To facilitate access to and use of this information, Wilson et al1 provide these data in the CODEX database8 and at a stable URL for visualization in a genome browser. Thus, investigators can easily find levels of transcripts, maps of epigenomic features, and interaction frequencies in genes and loci of interest to them. These data should catalyze refinement and improve accuracy in identifying candidate enhancers and assigning them to target genes.
This improvement in the accuracy and completeness of our views of regulatory domains can also facilitate clinical research. More and more examples are being reported of the phenotypic effect of genetic variants and mutations in regulatory regions.3,9,10 For phenotypes expressed in myeloid cells, the maps and resources provided by Wilson et al1 will be particularly valuable.
These new data will serve as a strong resource for much future work, but they are not the final story. The promoter Hi-C data are valuable for the interactions they reveal, but the experimental design precludes the discovery of many interactions, and some chromatin interactions play key roles at other stages of differentiation.

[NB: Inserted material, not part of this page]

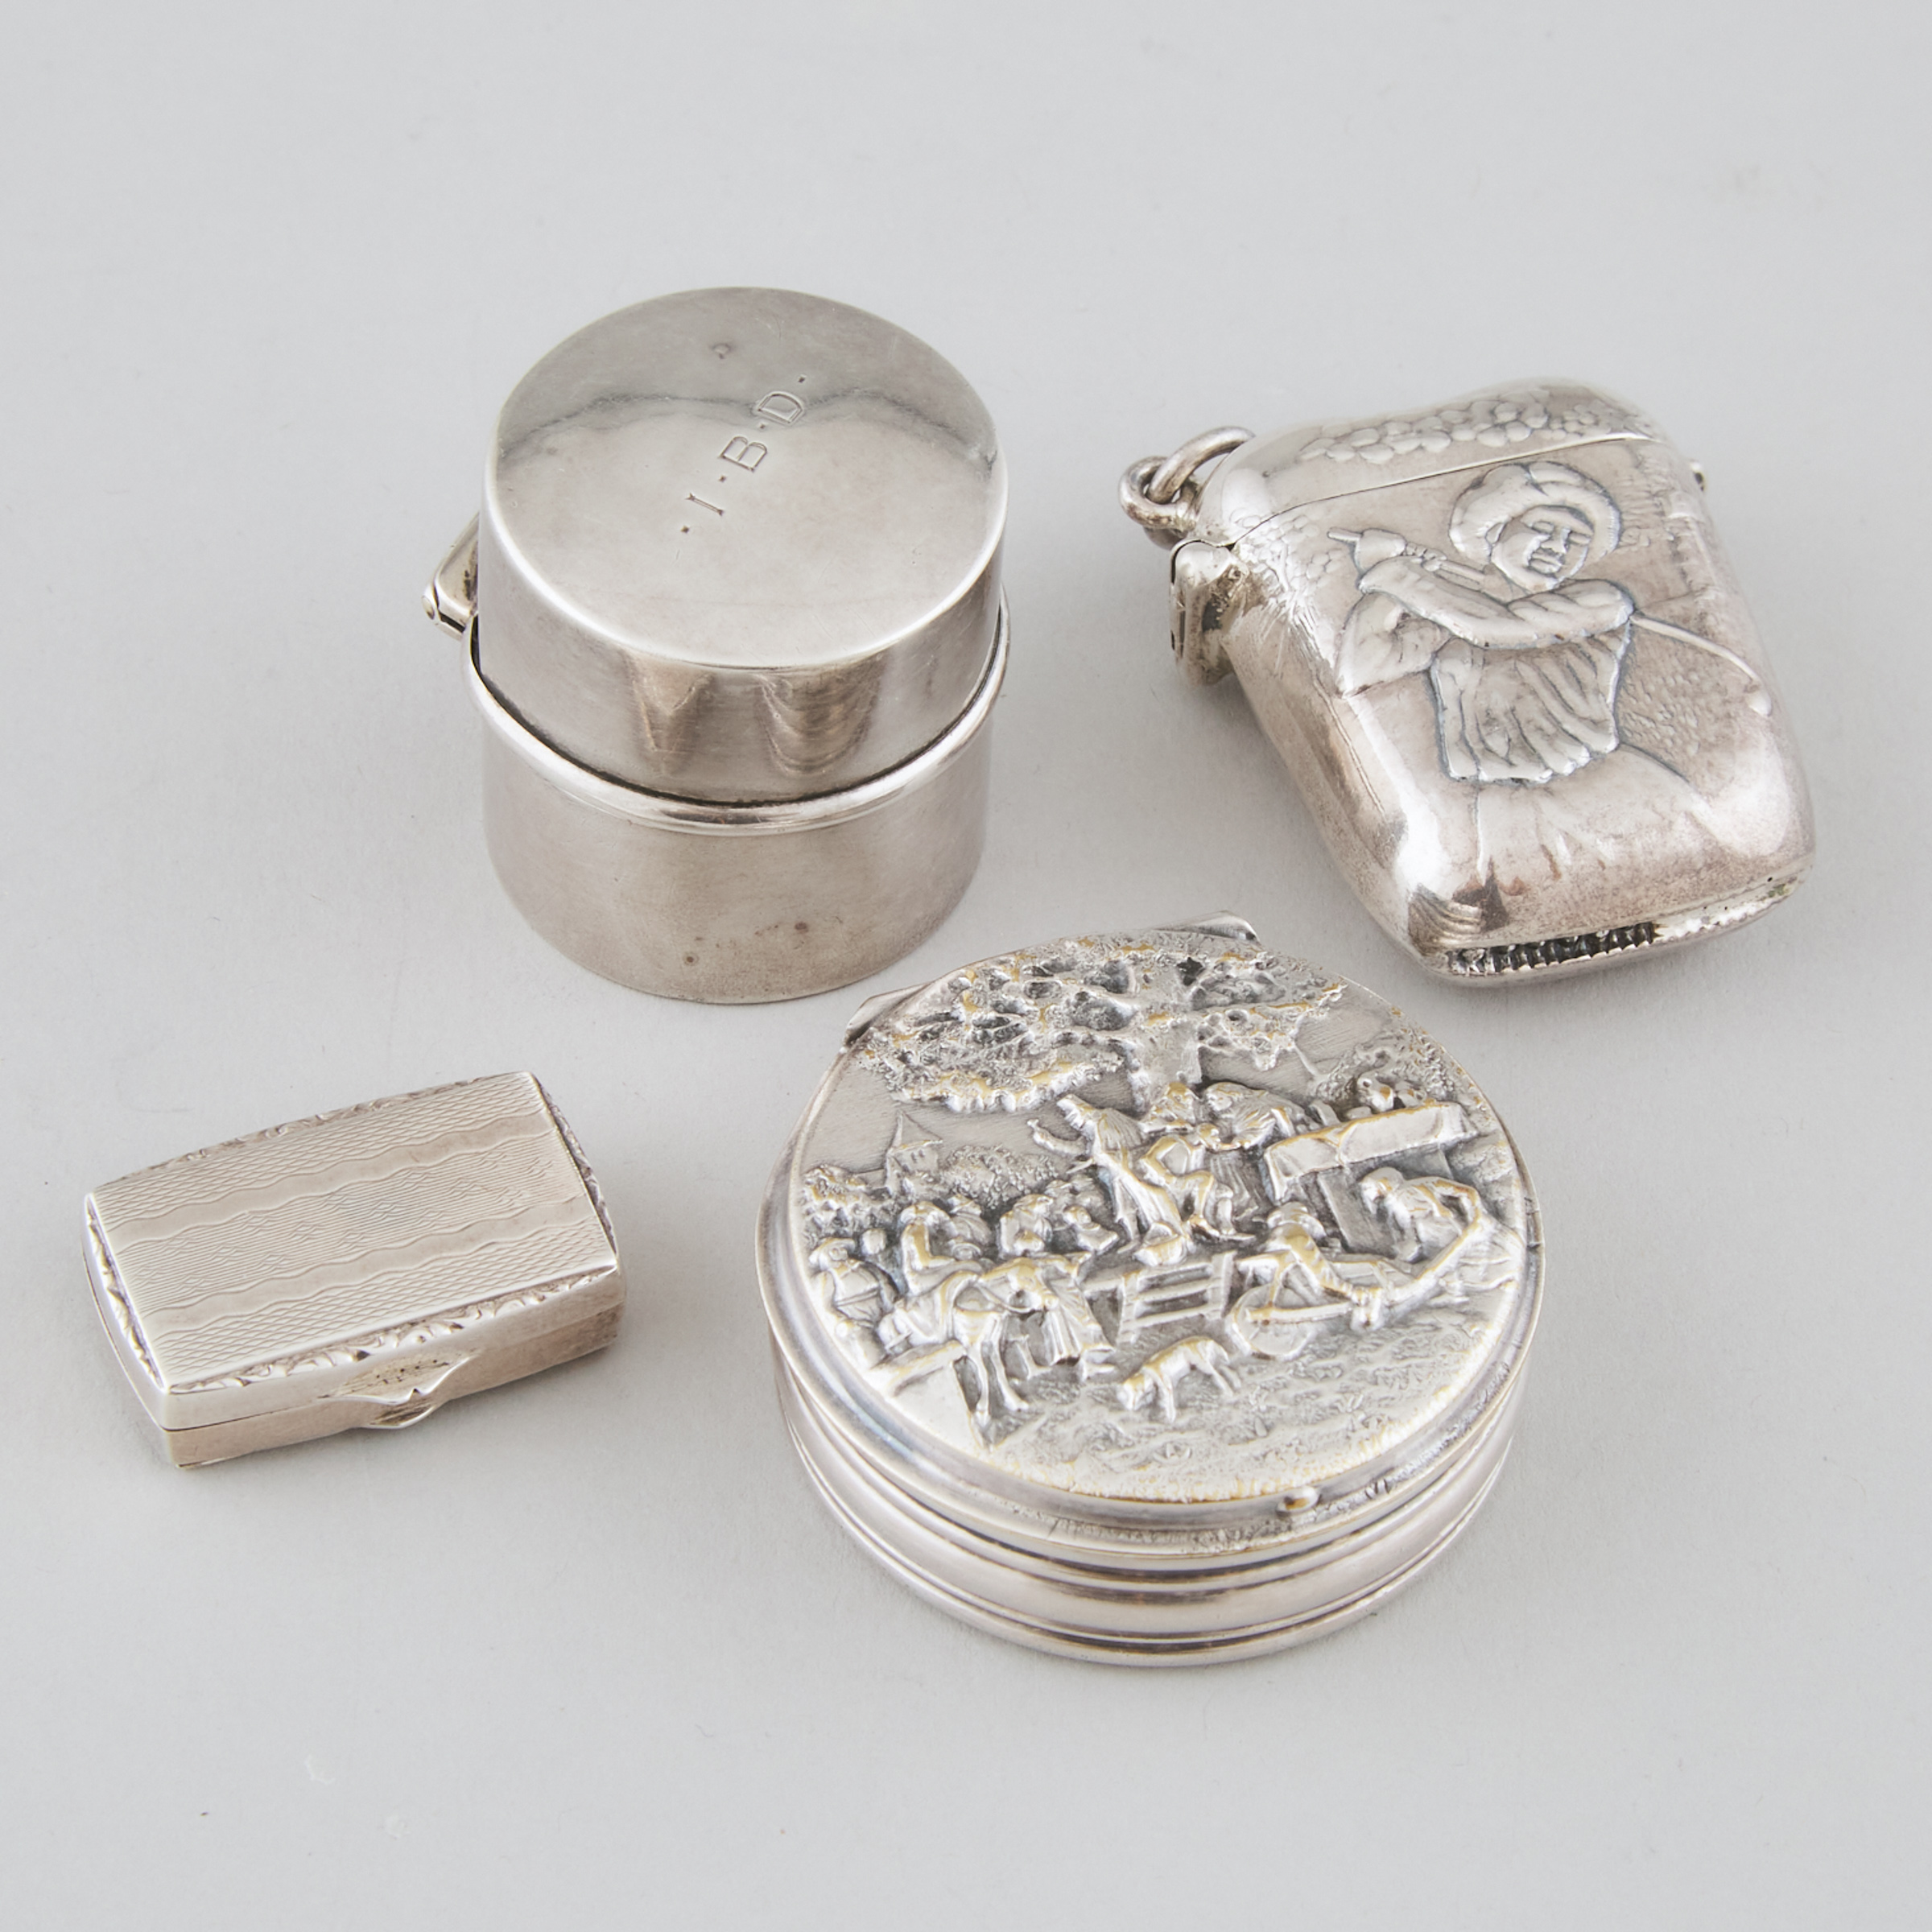 American Silver Lady Golfer Vesta Case, Edwardian Ring Box, Continental Pill Box, and a Danish Silver Plated Circular Box, late 19th/20th century

The binding patterns for some transcription factors are highly dynamic, and thus their occupancy needs to be mapped at multiple stages and in different lineages. The data in the article by Wilson et al1 will help guide these additional studies and provide an important point of reference for comparison with new results.
These new data, coupled with the large amount of information from many laboratories, provide a rich description of the molecular players regulating expression of each locus. The next challenge is to build on this descriptive foundation to generate predictive models of expression, in which the role of each protein complex and each cis-regulatory module is defined quantitatively as an outcome on gene expression. Such models, after extensive experimental testing, could provide a basis for consolidating information about the many regulatory complexes at genetic loci into mechanistic rules for gene regulation that apply broadly across genomes and cell types. That would be a notable achievement in our understanding of gene regulation during hematopoiesis.
Conflict-of-interest disclosure: The author declares no competing financial interests.